But the sentiments stand. Love’s sweet torment is ever love’s sweet torment. And isn’t it obvious that we, today, no less demand, as an alto sings, “A thousand, thousand ways … to entertain the hours”? Purcell’s knack is to make everything his music touches timely.

In this reinvention of Shakespeare, Ron (short for Oberon) succumbs to the pole dancer and is found out by Tanya (Titania), who leaves him. Puck produces a tonic, in the form of an alcoholic punch, intended to make Tanya fall back in love with Ron, but she goes for Puck instead. Shakes unwittingly freely dispenses more punch to clubsters, and all hell breaks lose. Lysander finds his inner straight guy and falls for Helena, who learns she has a wild side. Turned on by Herman. Demetrius for the first time seems comfortable in his skin. Shakes, like Tanya, also goes after Puck.

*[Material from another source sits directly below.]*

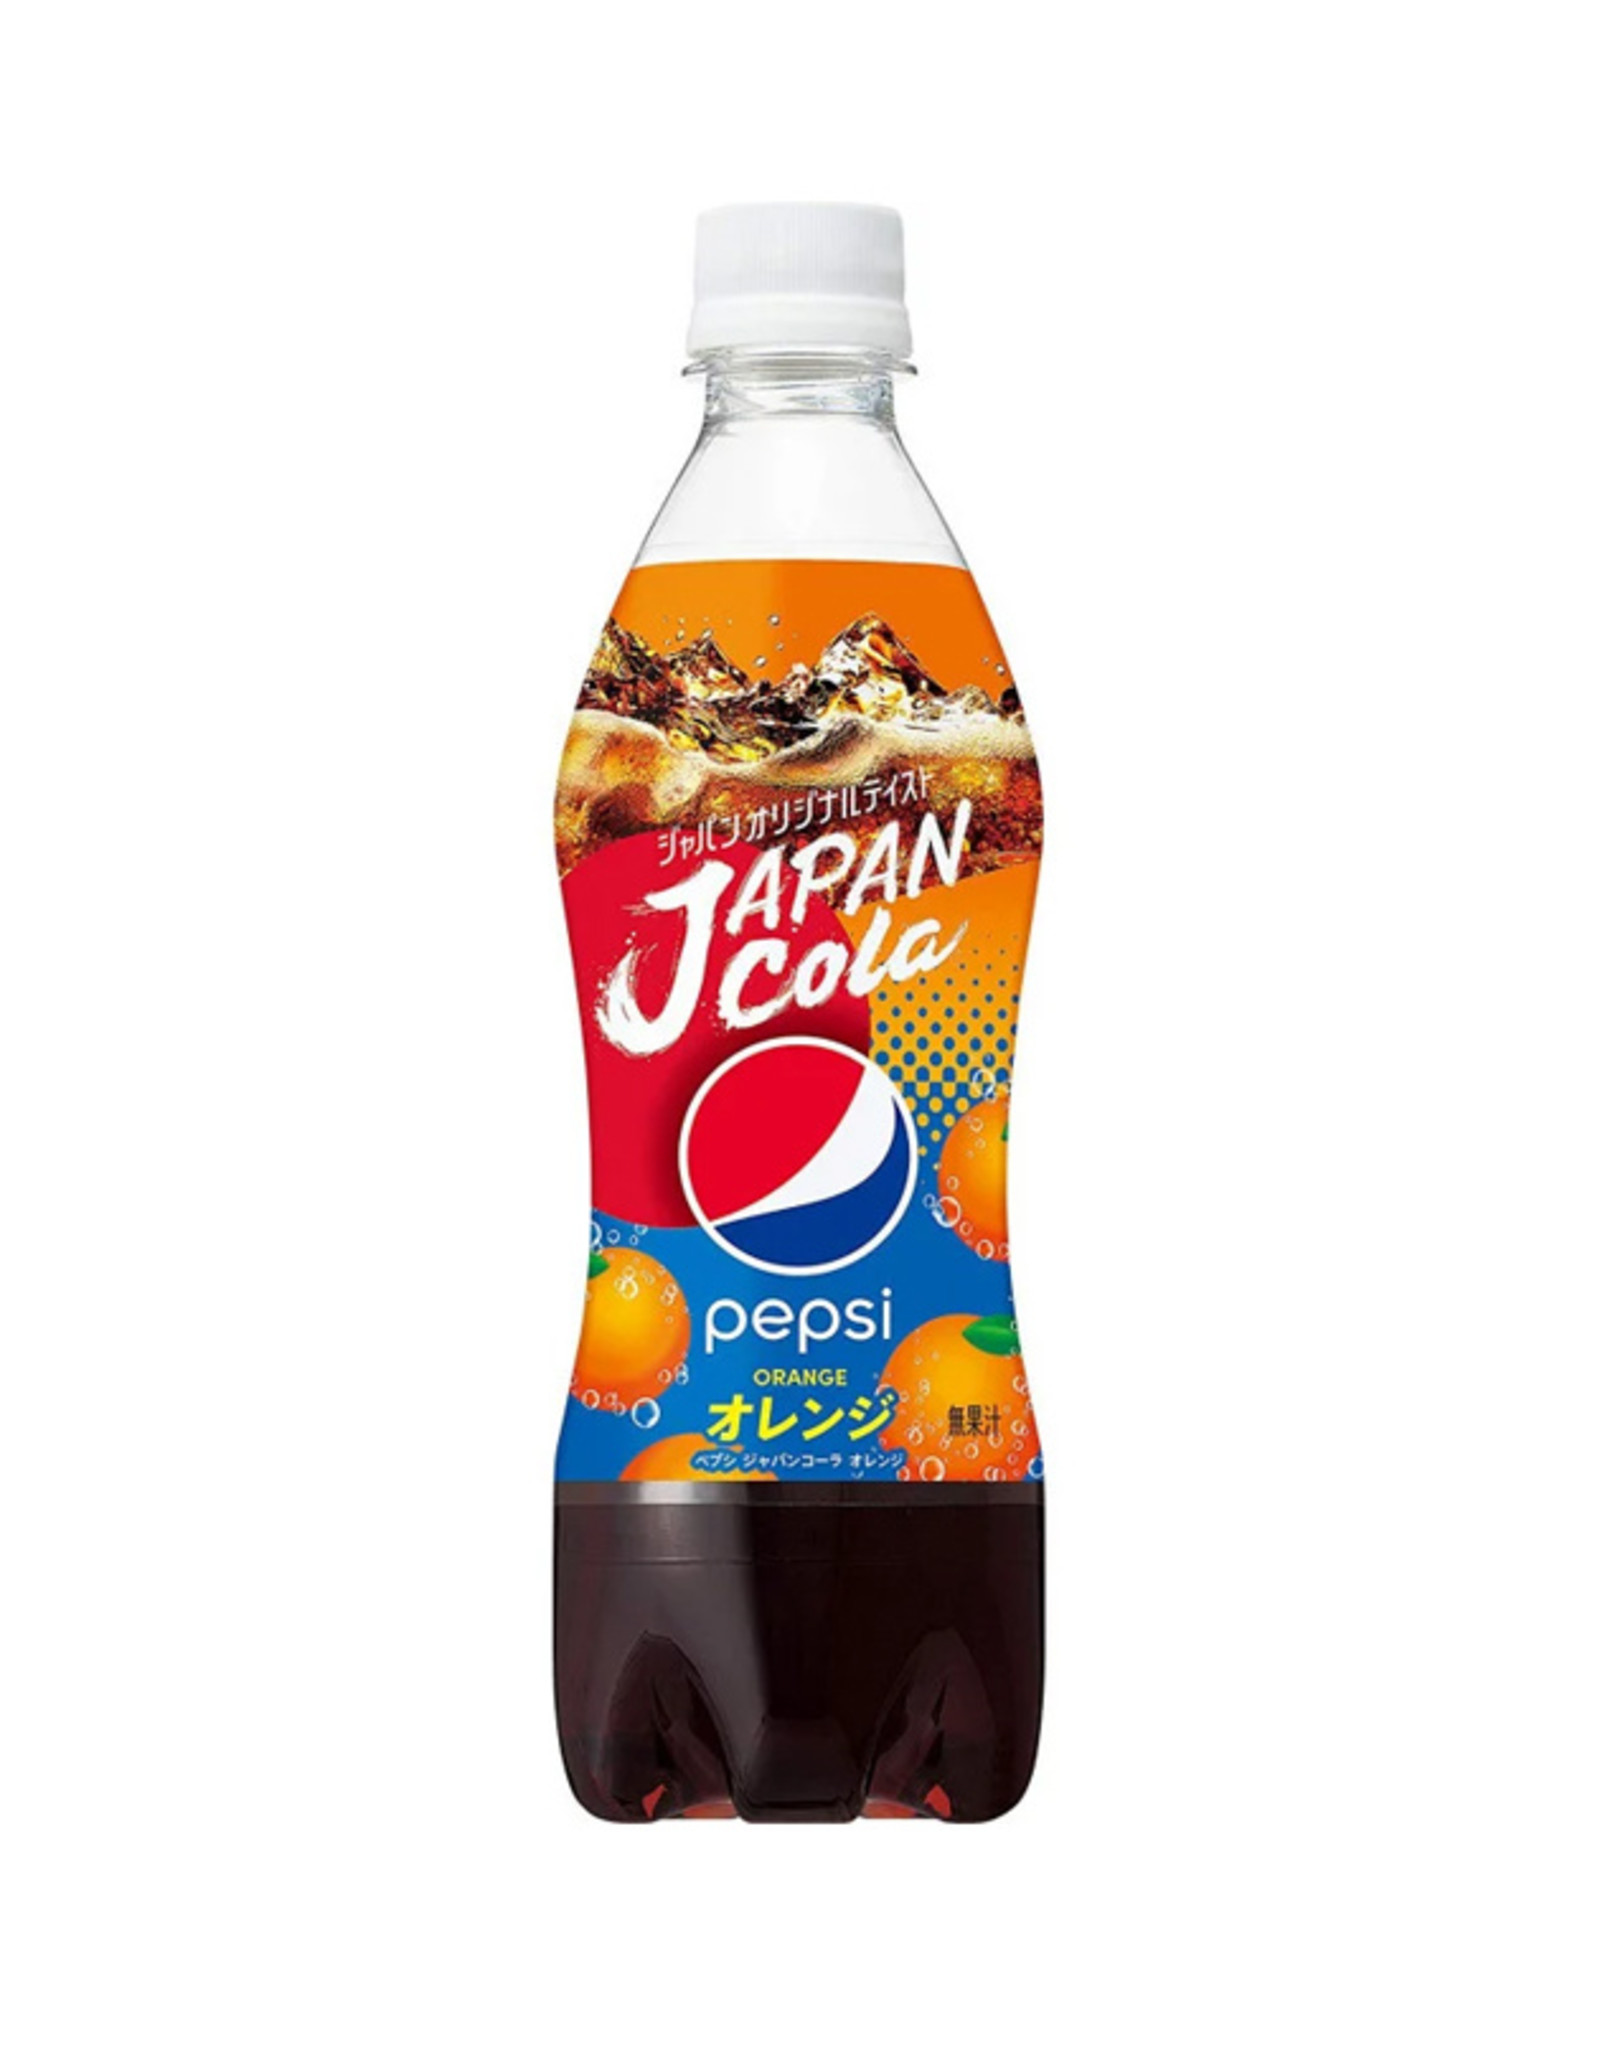 Pepsi Japan Cola - Orange - 500ml

Everything eventually goes back to normal, with the help of a drone delivery from Amazon, but not really. The characters have learned too much.

It is Puck who undergoes the most touching transformation. Moreover, the example of a brilliantly Falstaffian performance by French tenor Marc Molomot seems to lift the level of everyone around him.

That everyone includes Kimberly E. Jones as the stunning Tanya; Cedric Berry, a potent Ron; Roberto Perlas Gómez, an unsettling Shakes; Ryan Belongie, a sparkling Lysander; Scott Brunscheen, a supple Demetrius; Alexandra Martinez-Turano, a plenty sexy pole dancer and her alter-ego Helena; and Darryl Taylor, a scene-stealing Herman. Four ensemble singers keep the club hopping.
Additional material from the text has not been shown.